Description of the task | Please, without any pictures, set down exactly the part of the listing below that opens with the line containing "Cinder Block Sparkle Pendant" and closes with the line containing "A Prince Edward".

Task inputs |
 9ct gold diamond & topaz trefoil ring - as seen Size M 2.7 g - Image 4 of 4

...

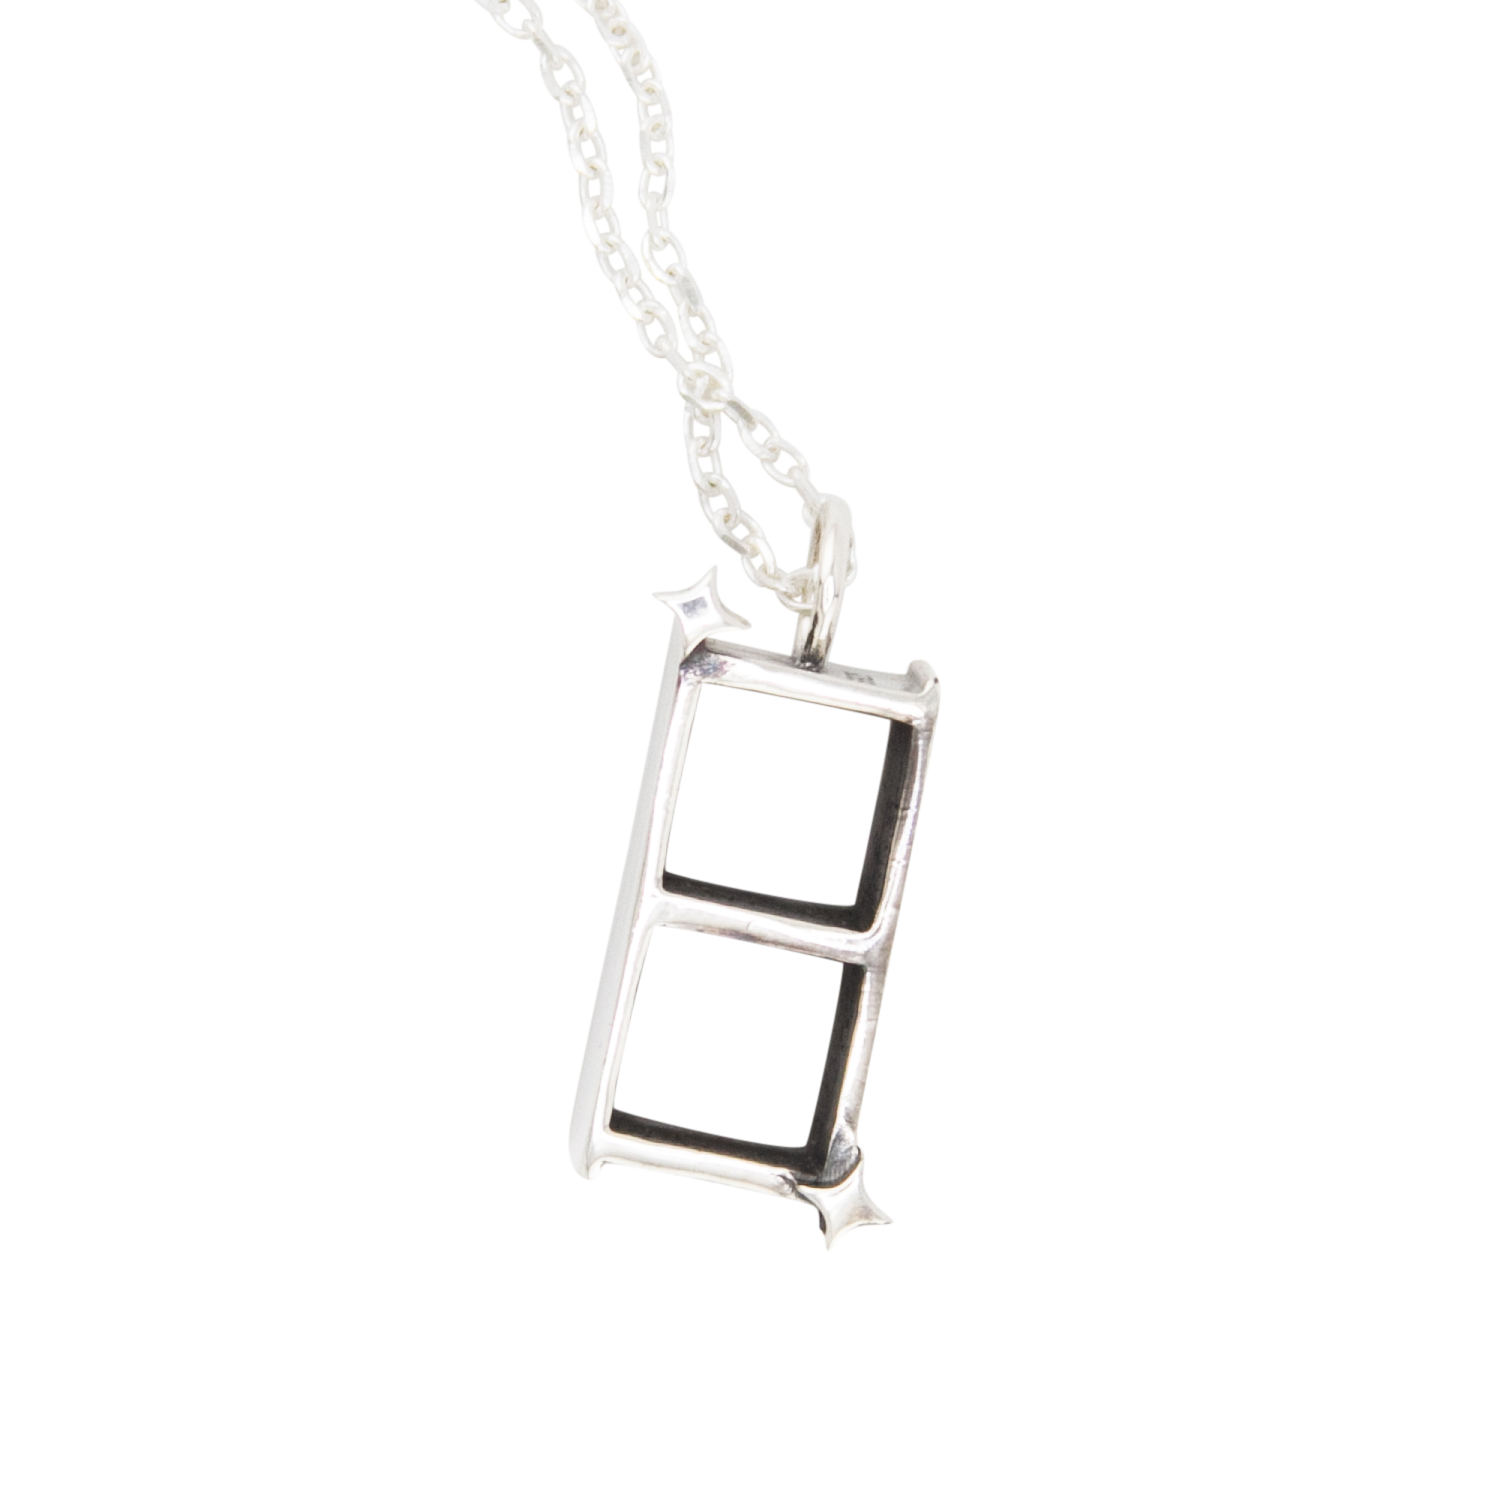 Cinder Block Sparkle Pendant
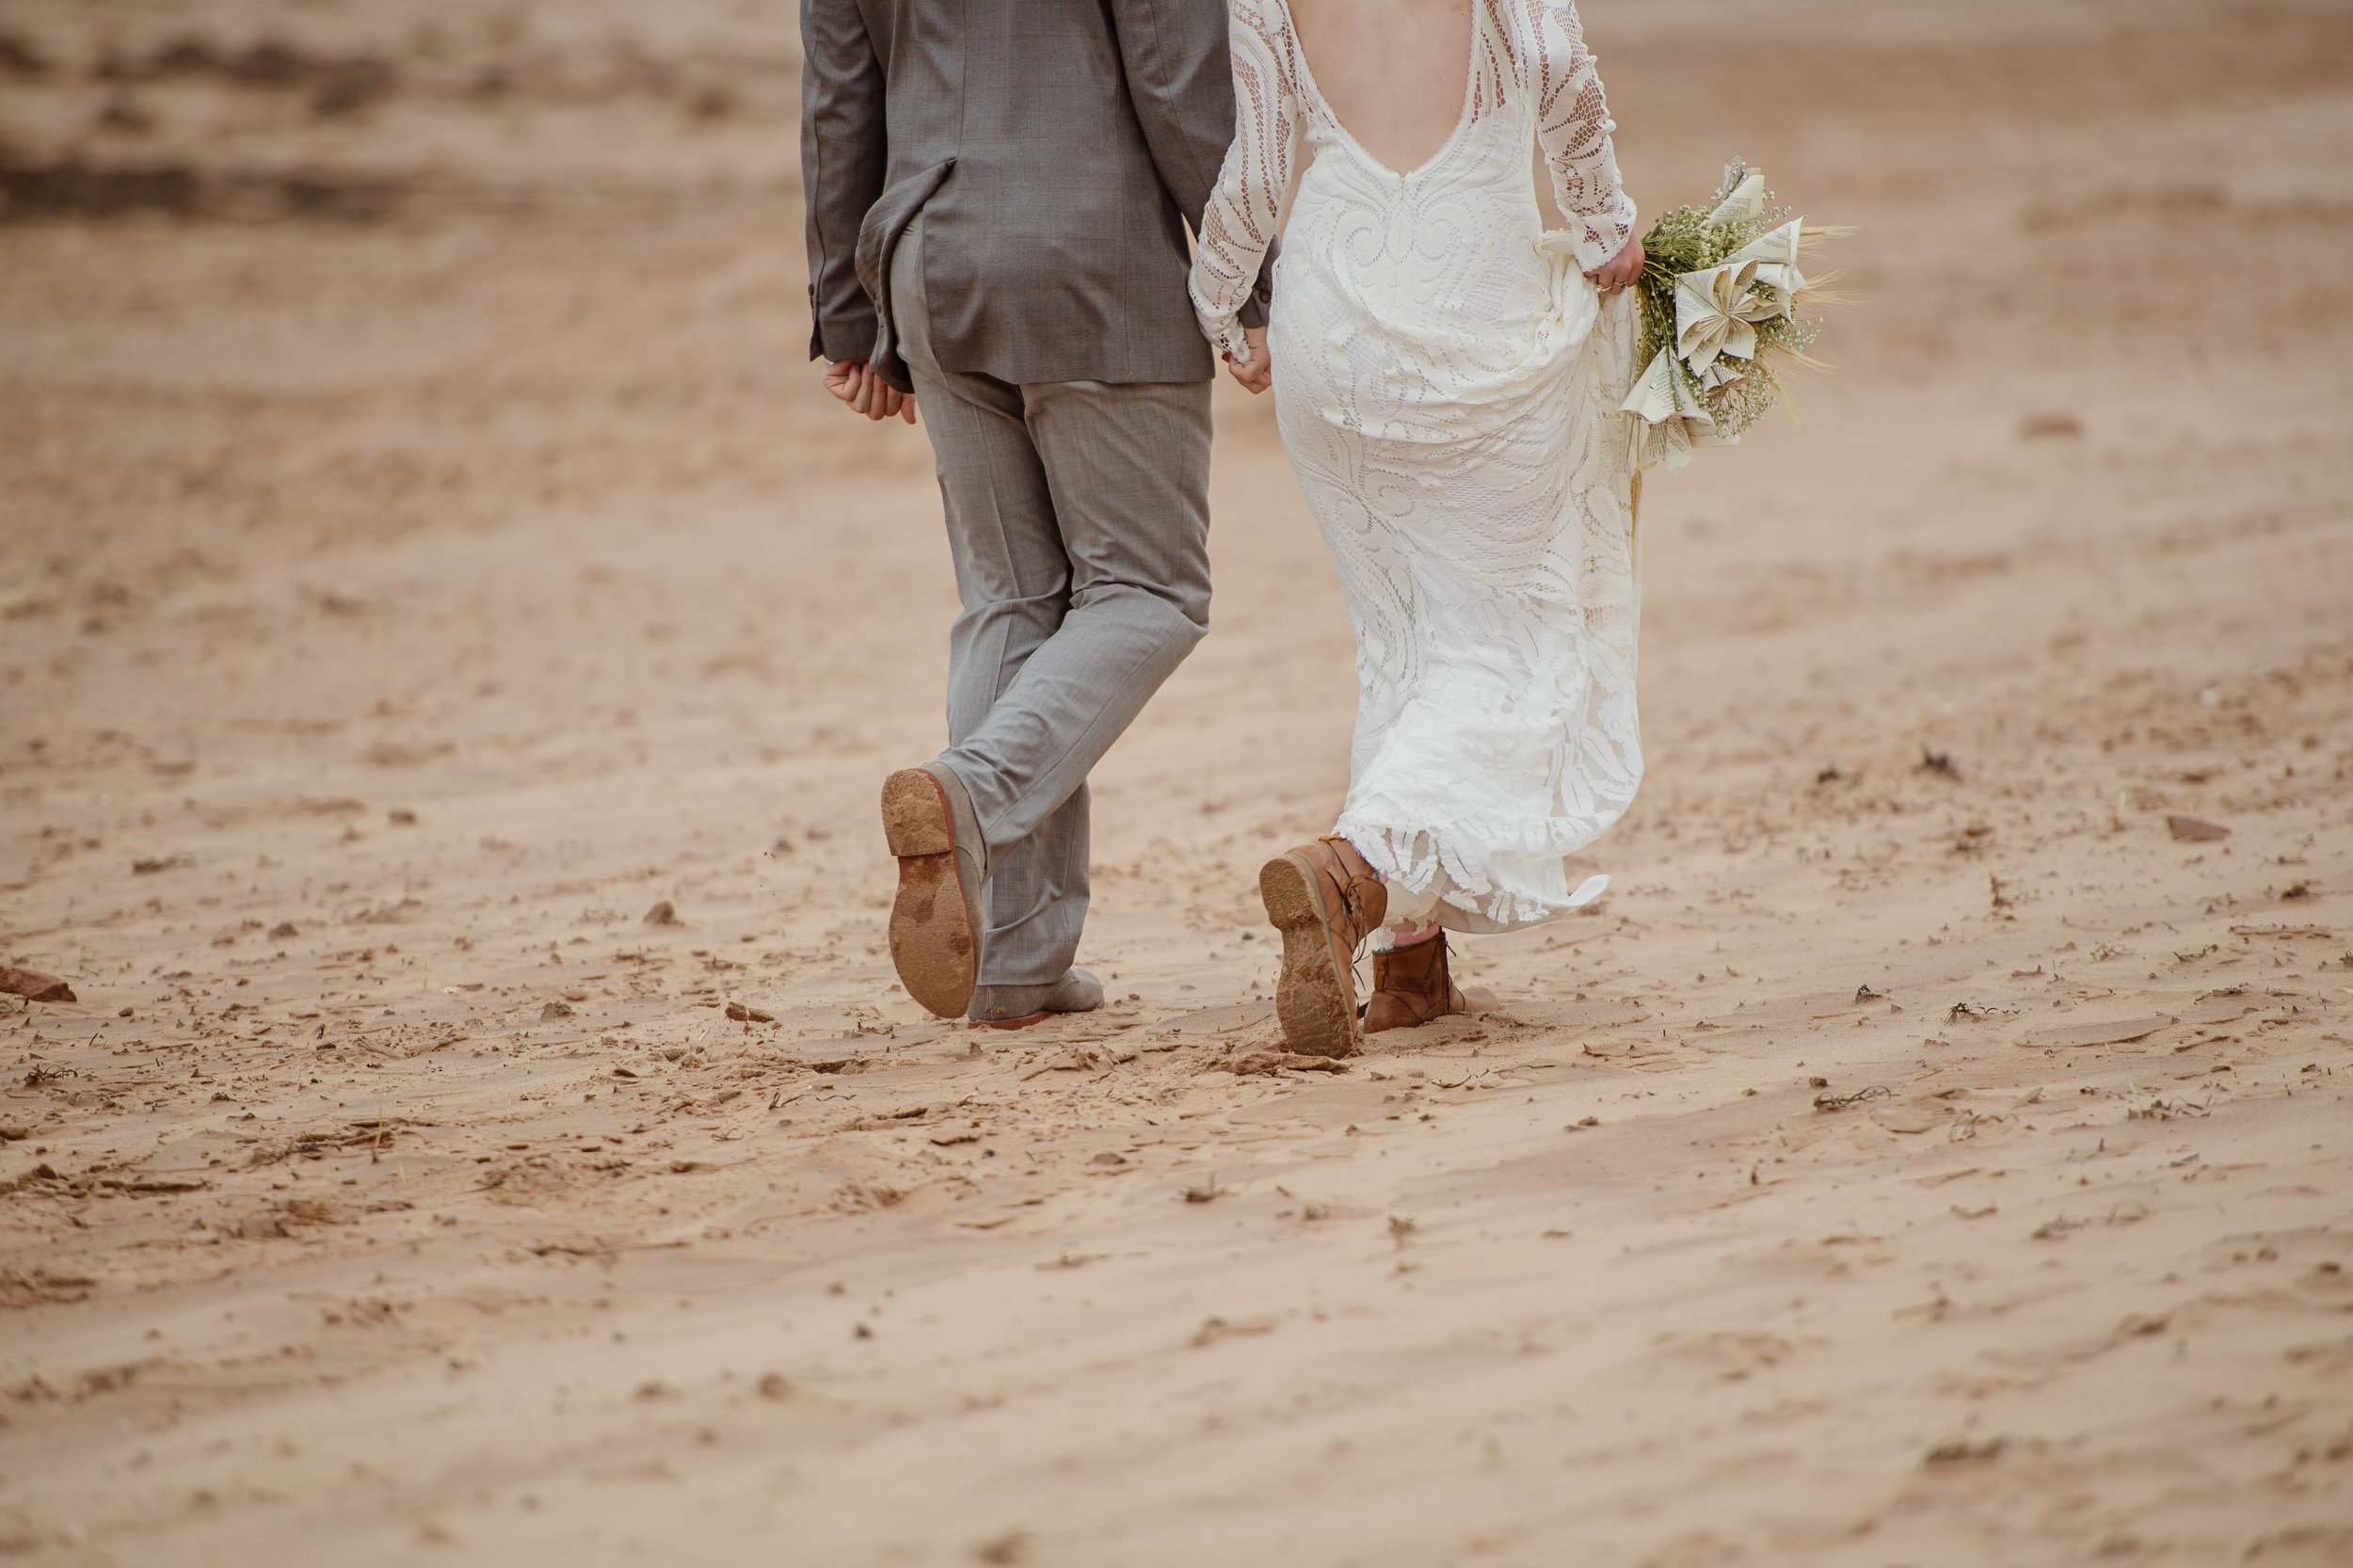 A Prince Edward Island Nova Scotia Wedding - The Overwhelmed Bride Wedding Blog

Task output |
 Cinder Block Sparkle Pendant
 A Prince Edward Island Nova Scotia Wedding - The Overwhelmed Bride Wedding Blog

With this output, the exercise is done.